● WHAT YOU NEED TO DO
Reproduce the data below word for word, setting aside any picture it holds.

[Items from a data source]
-------------------------
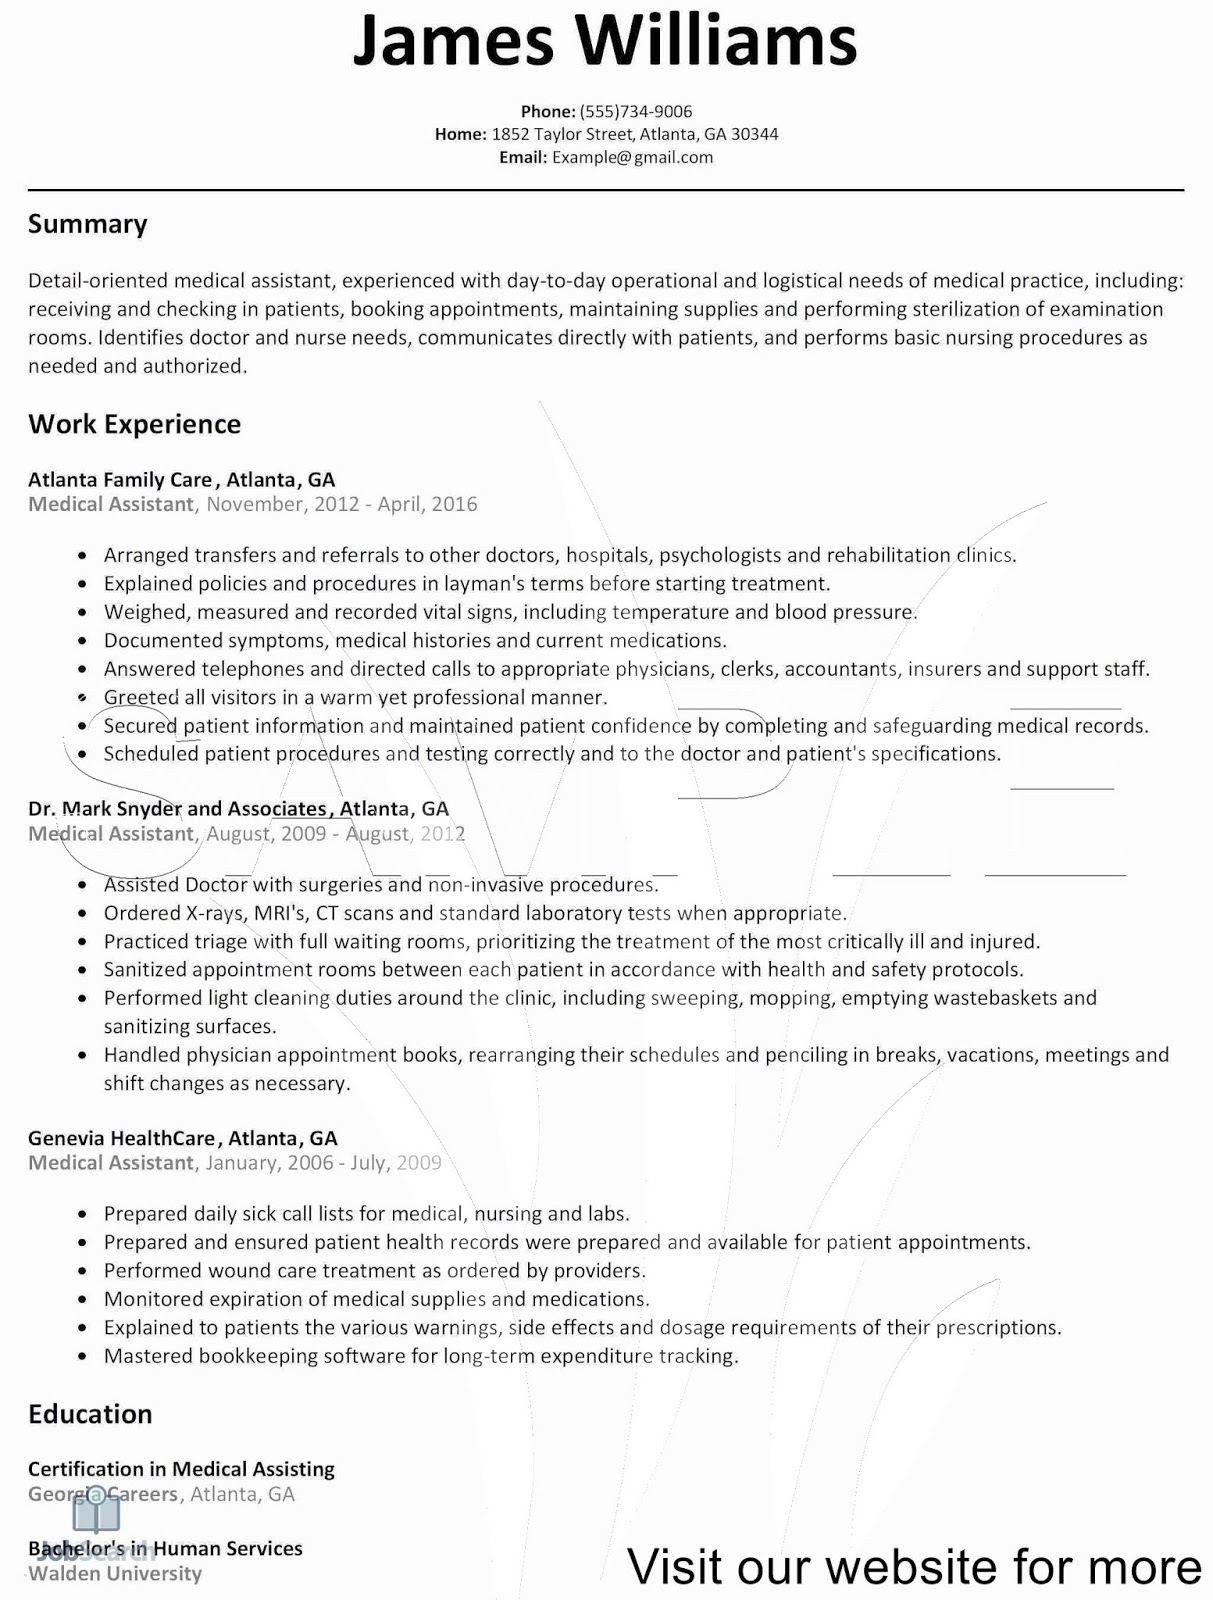 resume format free download resume format free download australia resume format free download in ms word
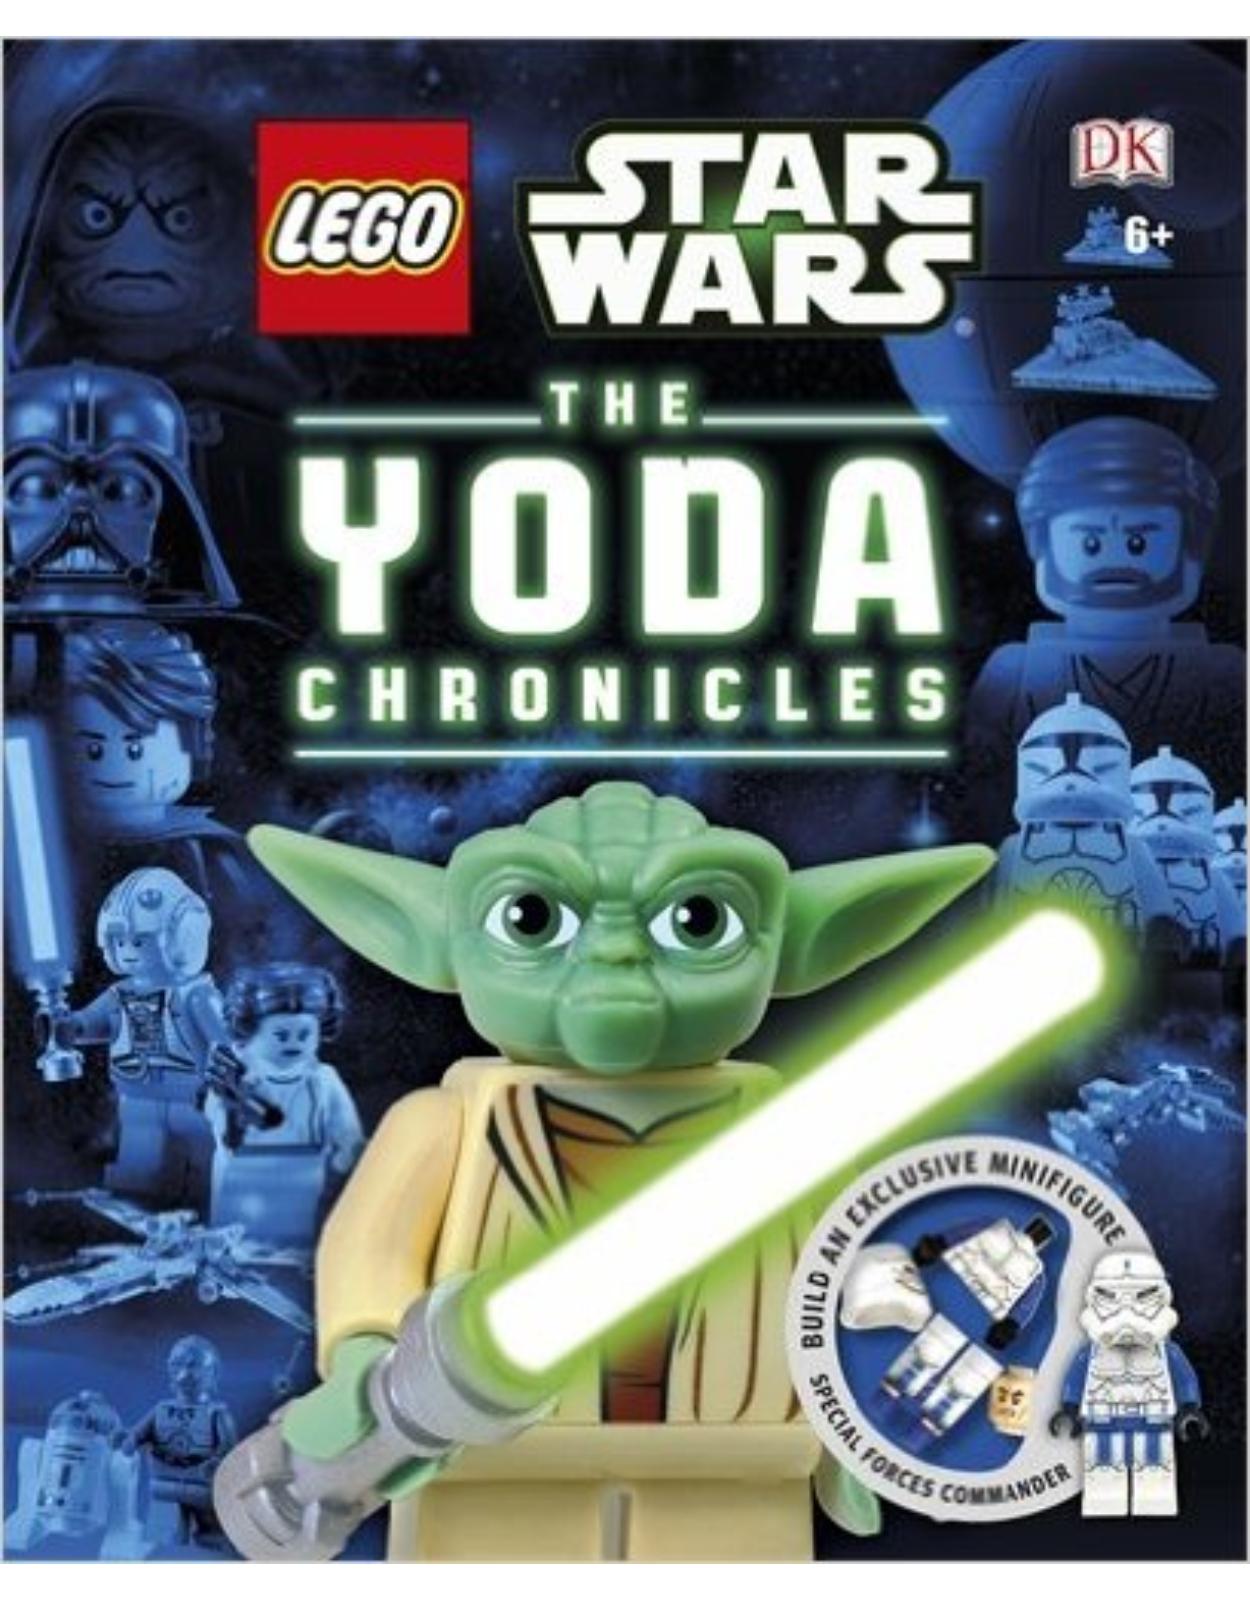 LEGO Star Wars the Yoda Chronicles
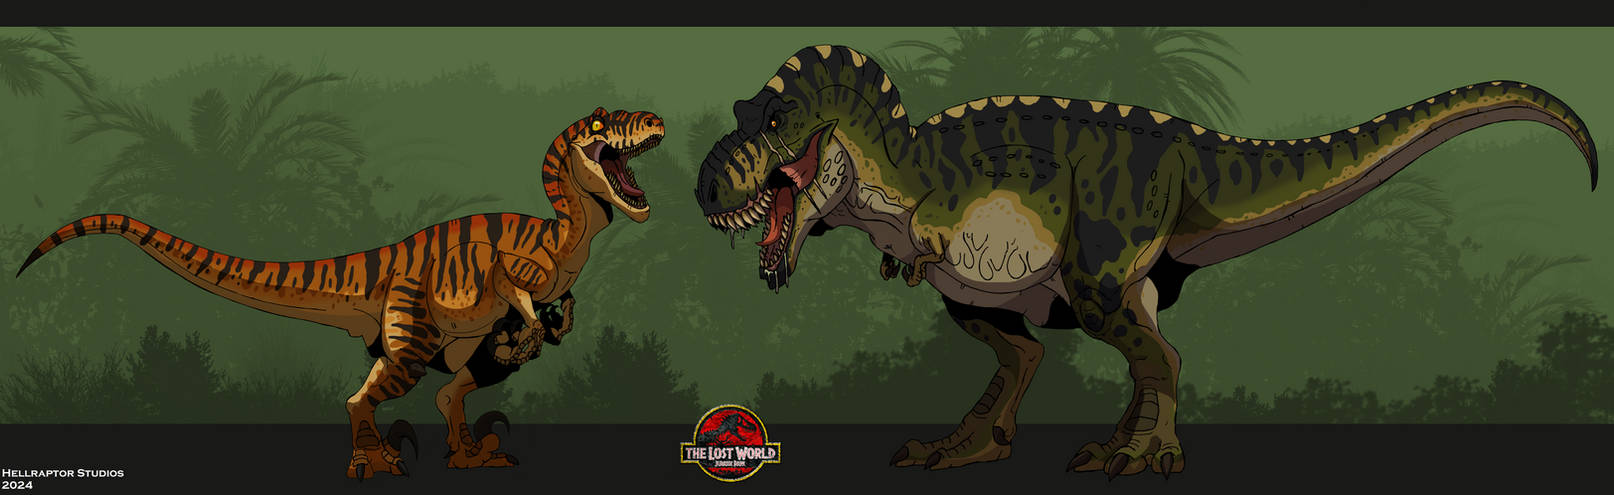 Jurassic Park: The Lost World Top Predators
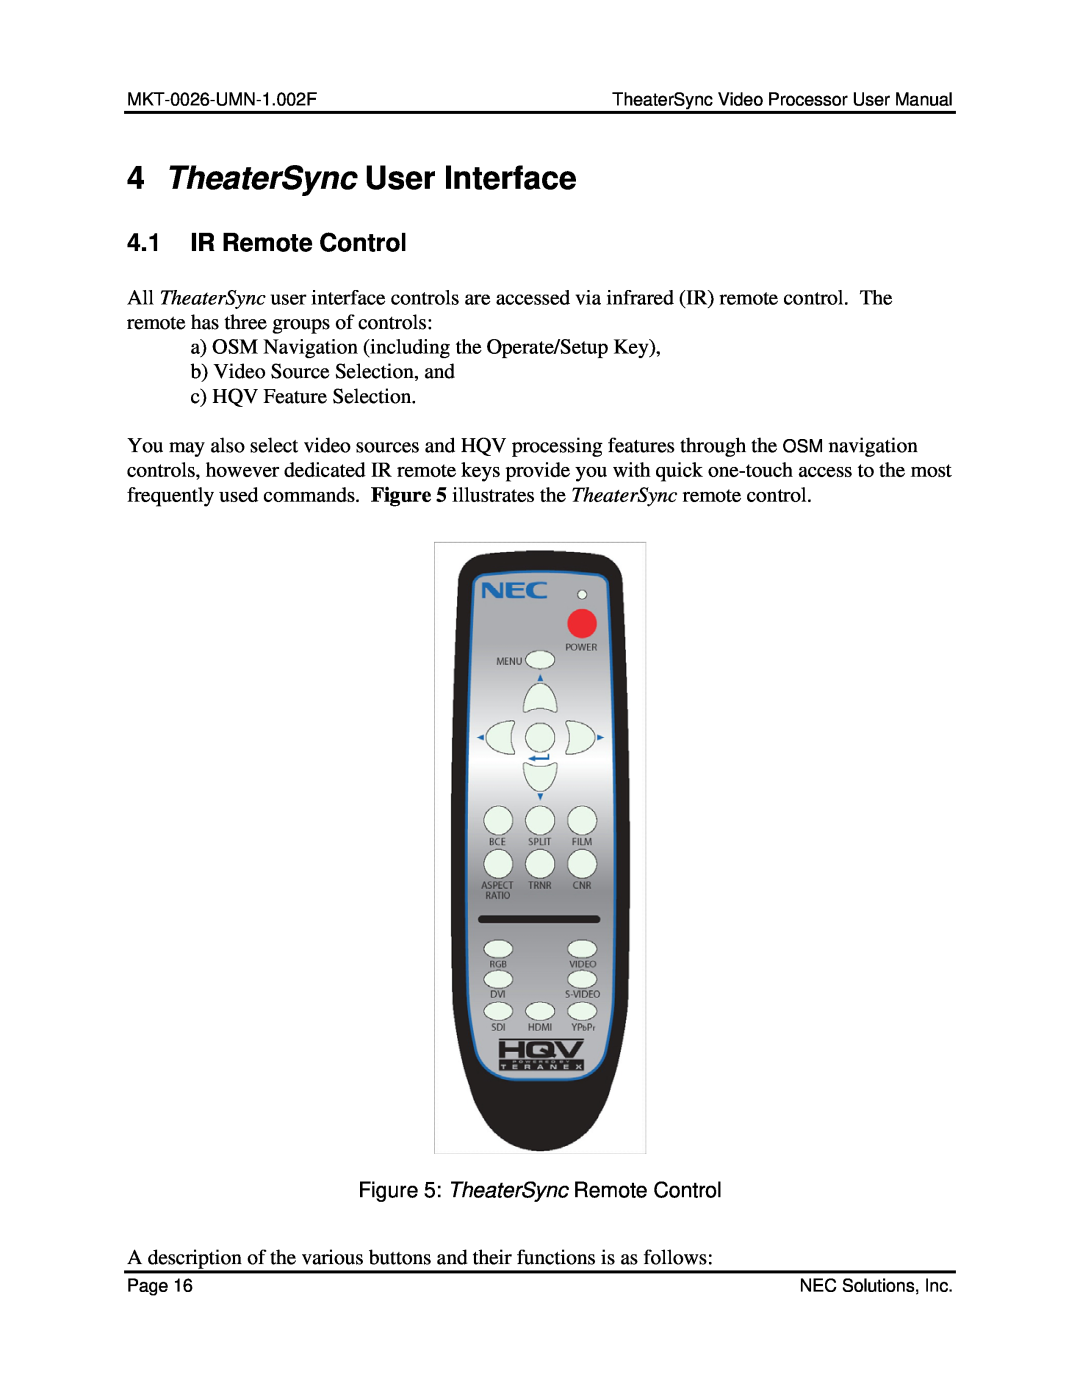 NEC TheaterSync Video Processor user manual TheaterSync User Interface, 4.1IR Remote Control 
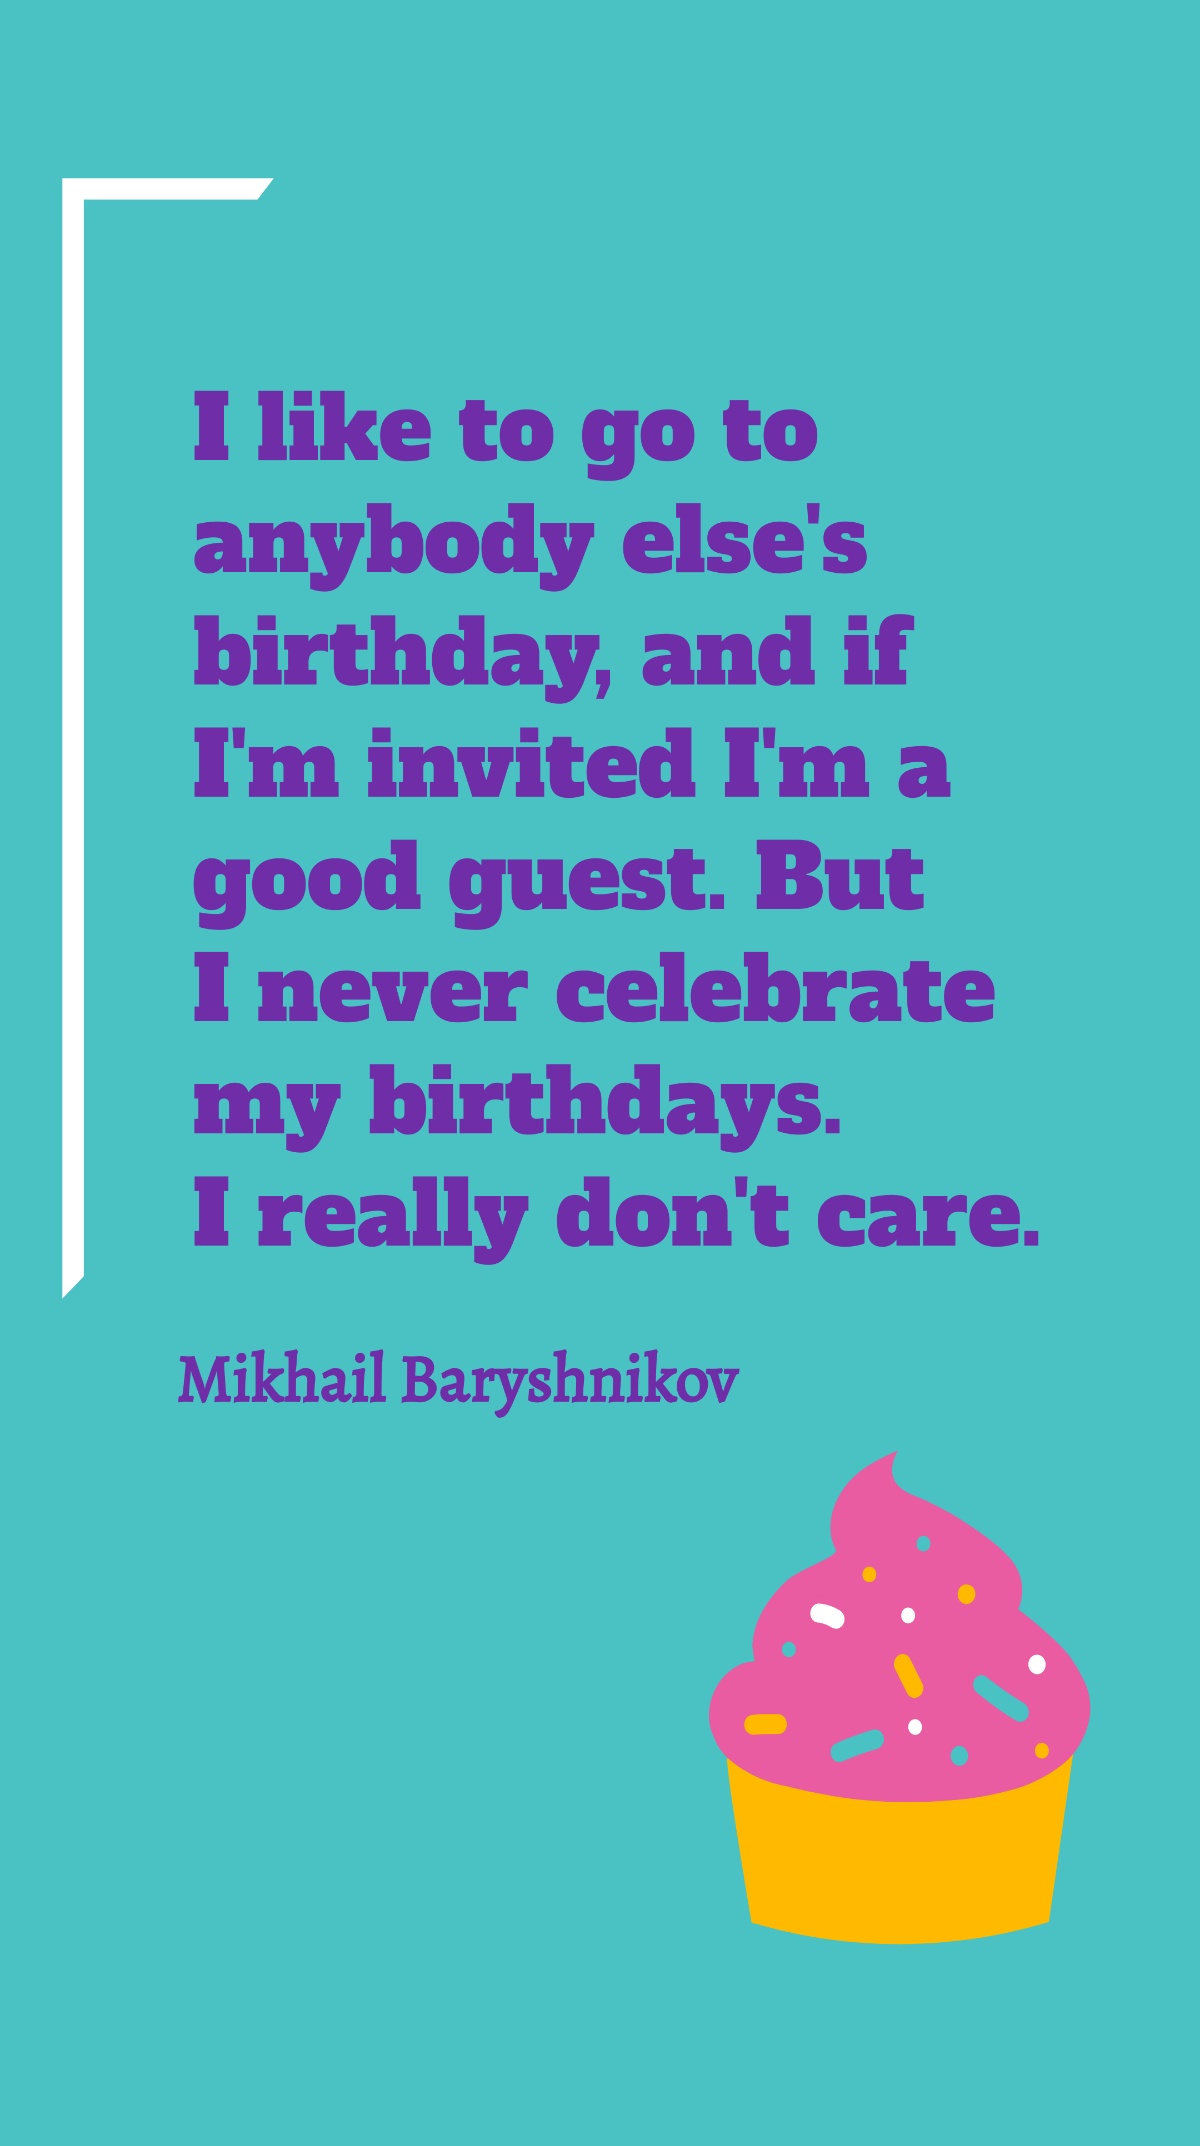 Mikhail Baryshnikov - I like to go to anybody else's birthday, and if I'm invited I'm a good guest. But I never celebrate my birthdays. I really don't care.
-------------------------
● EXERCISE OUTPUT
 resume format free download resume format free download australia resume format free download in ms word
 LEGO Star Wars the Yoda Chronicles
 Jurassic Park: The Lost World Top Predators
 NEC TheaterSync Video Processor user manual TheaterSync User Interface, 4.1IR Remote Control 
 Mikhail Baryshnikov - I like to go to anybody else's birthday, and if I'm invited I'm a good guest. But I never celebrate my birthdays. I really don't care.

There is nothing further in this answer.